This repository contains code and documentation for generating scores that help indicate whether or not the residents of a census block group have a high risk for its residents not having smoke alarms. You can read an overview of the analysis here. This analysis is made possible by mapping common variables in the American Housing Survery and the American Community Survey. You can see details on how these mappings are done in this repository.

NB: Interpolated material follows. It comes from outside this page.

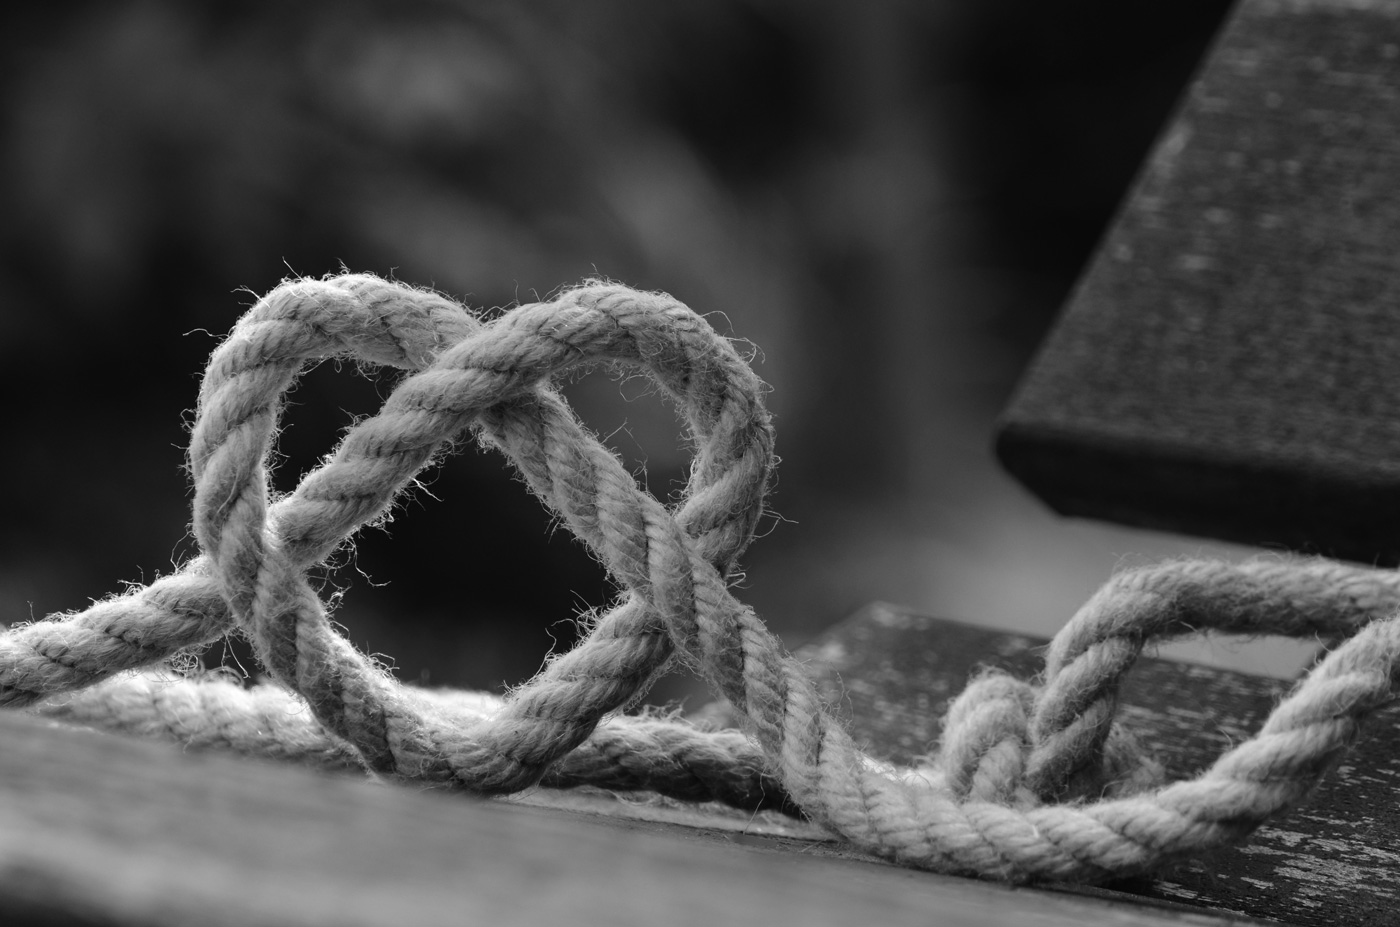 A black and white photograph of a thick rope, whose knot is in the shape of a heart.

First clone the repository and navigate to the project's root directory:
git clone https://github.com/enigma-io/smoke-alarm-risk.git
cd smoke-alarm-risk
This project is written in R
and depends on the following packages:
bit64
plyr
ggplot2
data.table
knitr
reshape2
scales
bigrf
pROC
You can install these packages by running the following command in the project's root directory:
$ make init
This project also requires six csv files (two of which - the ACS and the AHS, are generated by this project). You can grab these files from the web by running the following command:
$ make fetch_data
WARNING: This may take a while. The ACS file is ~ 2 GB.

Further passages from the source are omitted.